Le
Bourgeois gentilhomme
Le 14 octobre 1670, Molière donne à Versailles la première
représentation du Bourgeois gentilhomme devant le roi Louis XIV et sa cour.
La musique de Lully fait de cette œuvre un exemple rare de comédie-ballet. C'est une
manifestation du théâtre total comme l'affectionne Molière, associant la comédie, la
danse et la musique.
Le Bourgeois Gentilhomme figure parmi les dernières pièces de Molière et
déjà, derrière la farce, perce le poids de l'amertume, des amours déçus et de la
vieillesse (Molière, de son vrai nom Jean-Baptiste Poquelin, a alors déjà atteint
l'âge canonique de... 47 ans).
Une vie dramatique dédiée
à la comédie
Né le 15 janvier 1622 à Paris, dans le ménage du tapissier ordinaire du roi Louis XIII,
Jean-Baptiste rompt très tôt avec sa famille pour suivre sa vocation de comédien.
Le 13 juin 1643, il fonde «L'Illustre-Théâtre» avec une dizaine d'acteurs,
dont Madeleine Béjart, ses frères Joseph et Louis, Tiberio Fiorelli, dit Scaramouche.
Cette troupe itinérante fait faillite deux ans plus tard et Molière connaît la prison
pour dettes.
Il triomphe enfin à Paris le 18 novembre 1659 avec Les Précieuses ridicules.

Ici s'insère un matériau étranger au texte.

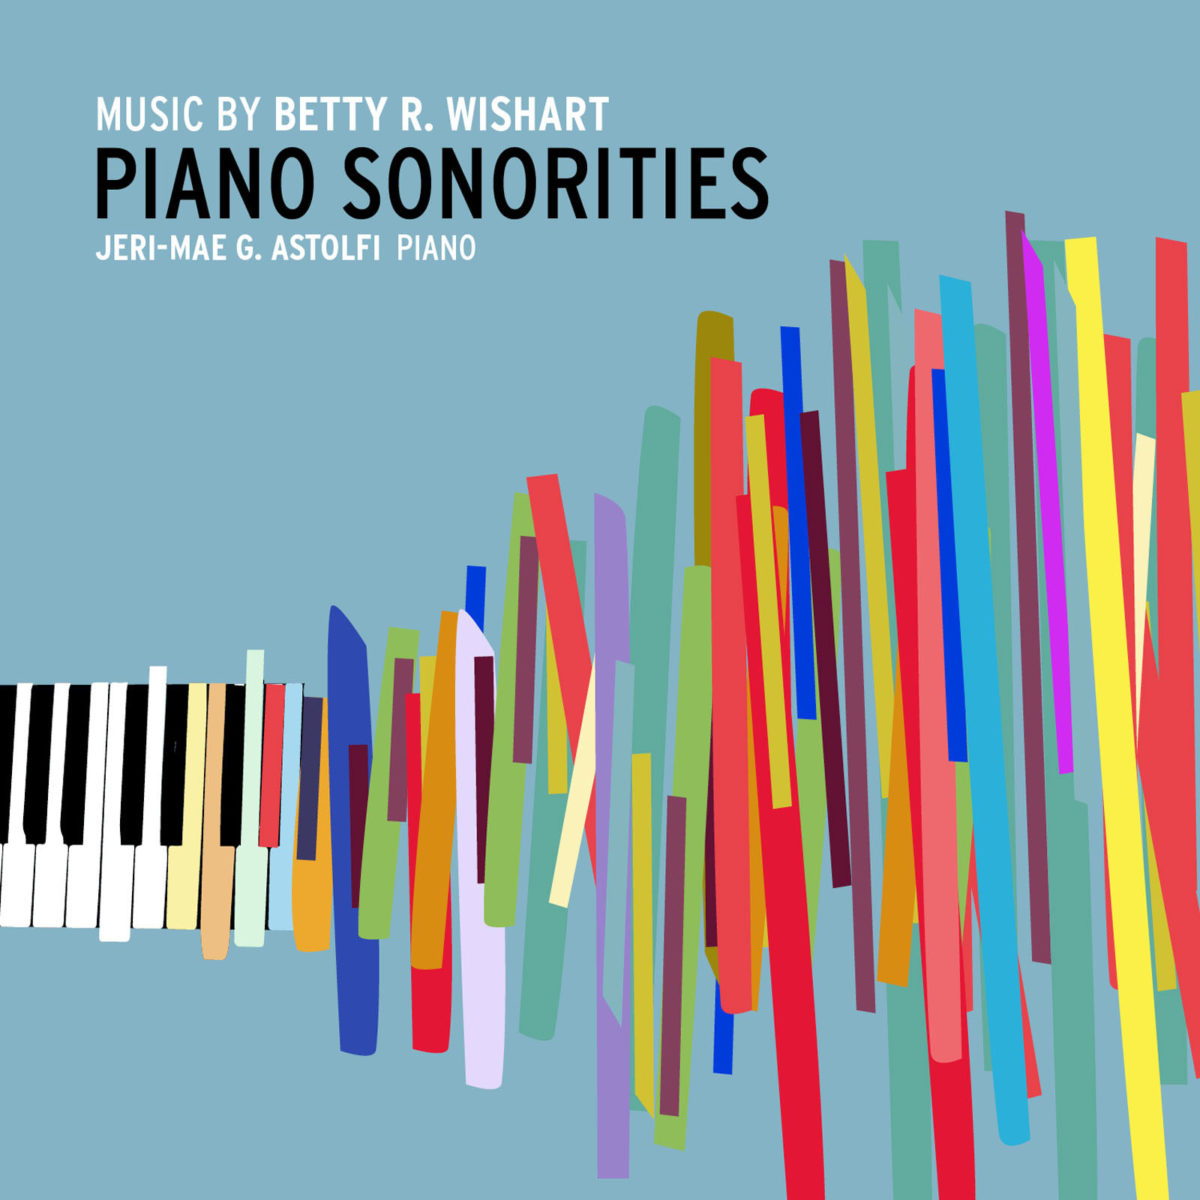 Kathodik Review: PIANO SONORITIES

Sans jamais cesser d'être poursuivi par les soucis d'argent, les jalousies et les
médisances, Molière va donner la totalité de ses chefs-d'œuvre dans les quatorze
années qui lui restent à vivre.
A Vaux-le-Vicomte, pour le surintendant Fouquet, puis à
Versailles, pour le roi Louis XIV en personne, il
donne ses meilleures pièces, y compris des comédies-ballets en collaboration avec le
musicien Lully.
Le 26 décembre 1662, peu après avoir épousé Armande Béjart, fille de Madeleine, de 20
ans sa cadette, il fait sensation avec L'École des femmes.
Il doit faire face à une cabale des dévôts autour de la reine mère, Anne d'Autriche,
après la première représentation de Tartuffe, sévère critique de
l'hypocrisie religieuse, le 12 mai 1664, à Versailles.